Now, for simplicity, we define the first order and second order differential matrices \(\mathbf {D_{1,2}}=\mathbf {P^{-1}F^{-1} S_{1,2} FP}\). Then, \(u_x(x_j) \approx \mathbf {D_1u}(j)\), the jth element of the vector \(\mathbf {D_1u}\), and similarly for its second order derivative \(u_{xx}(x_j) \approx \mathbf {D_1u}(j)\).
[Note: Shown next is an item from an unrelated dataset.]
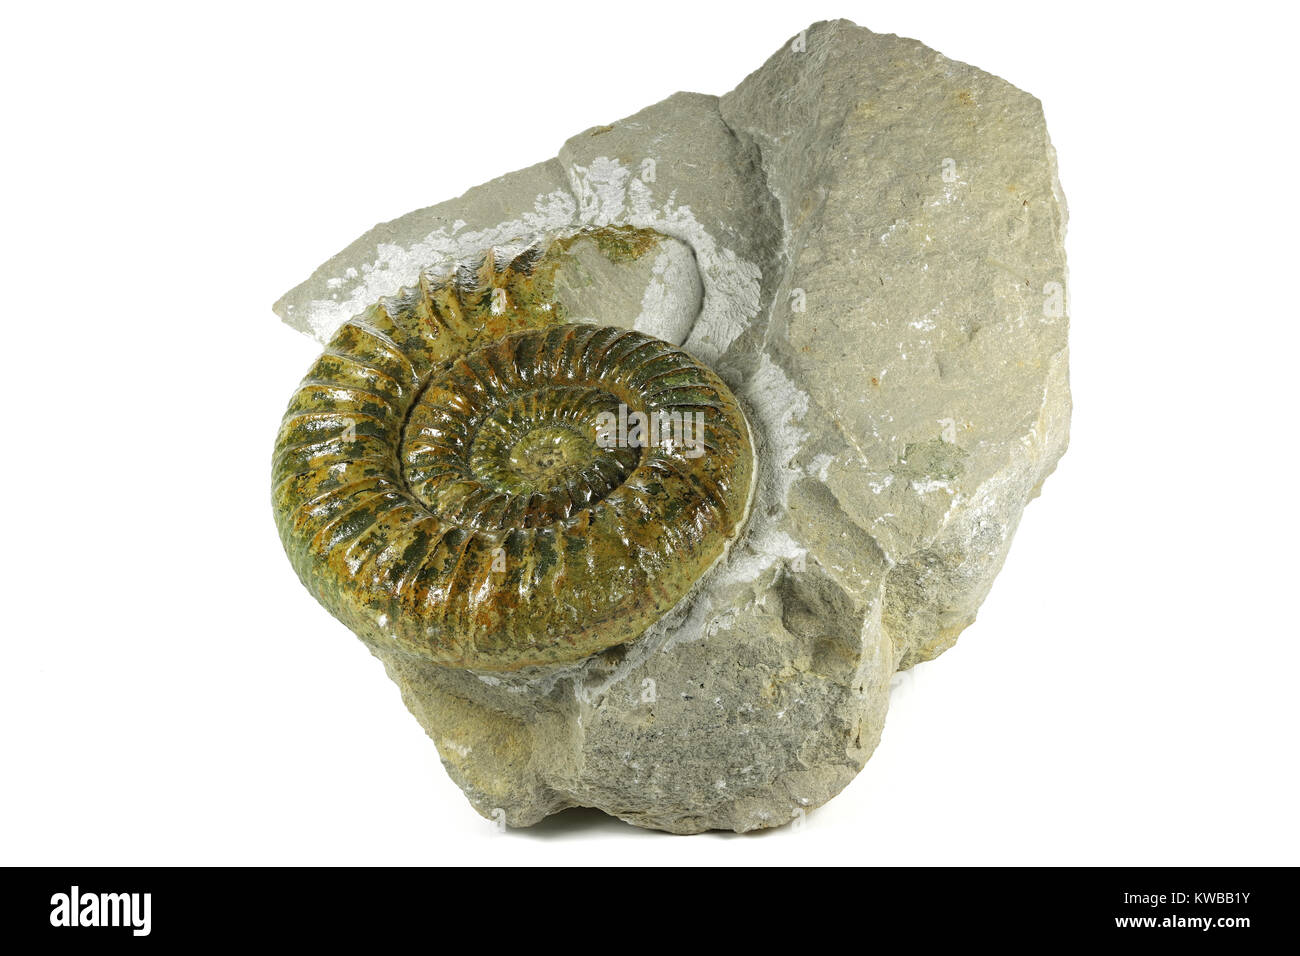 Fossile genuinum Ataxioceras ammonita dal Palatinato Superiore, Germania isolati su sfondo bianco Foto Stock

We notice that for \(u,v \in \mathbb {V}_N\), where \(\mathbb {V}_N\) is the space spanned by \(\lbrace \rho _k(x) \rbrace _{-N/2}^{N/2-1}\), the operator \(\mathbf {D_1}\) satisfies the summation by part property, i.e.,

$$\begin{aligned} \int u_x v dx =\langle \mathbf {D_1u,}\bar{\textbf{v}} \rangle _h=-\langle \mathbf {u,D_1} {\bar{\textbf{v}}} \rangle _h=-\int u v_x dx. \end{aligned}$$
(2.11)

Indeed, from (2.9), we have

$$\begin{aligned} \int u_x v dx&=\langle \mathbf {D_1u,}\bar{\textbf{v}} \rangle _h =\frac{\pi }{\alpha N}\mathbf {v^TWD_1u}=\frac{\pi }{\alpha N}(\mathbf {F^TS_1^T(F^{-1})^T}\bar{\textbf{P}}{} \textbf{v})^\textbf{T}{} \textbf{Pu}\\&=\frac{\pi }{\alpha N}\overline{\left( \mathbf {P^{-1}}\bar{\textbf{F}}^\textbf{T}\bar{\textbf{S}}_\textbf{1}^\textbf{T}(\bar{\textbf{F}}^{\mathbf{-1}})^\textbf{TP}\bar{\textbf{v}} \right) ^\textbf{T}}\bar{\textbf{P}}{} \textbf{Pu}=-\frac{\pi }{\alpha N}(\overline{\textbf{FPD}_\textbf{1}\bar{\textbf{v}}})^\textbf{T} \textbf{FPu}\\&=-\langle \mathbf {u,D_1}\bar{\textbf{v}} \rangle _h=-\int u v_x dx. \end{aligned}$$

Unfortunately, the operator \(\mathbf {D_1}\) does not satisfy the chain rule or the integration property. Indeed, for example, let \(u \in \mathbb {V}_N\), we consider the power nonlinearity \(u^3\). For any test function \(v \in \mathbb {V}_N\), we want \(\int (u^3)_x\bar{v} dx=\int 3u^2u_x\bar{v} dx\). However,

$$\begin{aligned} \int (u^3)_x\bar{v} dx \approx \int I_N((u^3)_x)\bar{v} dx = \langle \mathbf {D_1u^3,}\bar{\textbf{v}} \rangle _h \ne \langle \mathbf {diag(3u^2)D_1u,}\bar{\textbf{v}} \rangle _h=\int I_N(3u^2u_x)\bar{v} dx. \end{aligned}$$

Similarly, \(\langle \mathbf {D_1u,1} \rangle _h \ne 0\) (which implies \(\int u_x dx\)), since 1 is not in the function space \(\mathbb {V}_N\) unless \(N\rightarrow \infty \). This implies unlike the Fourier spectral method, the rational basis function spectral method here does not preserve the first integral.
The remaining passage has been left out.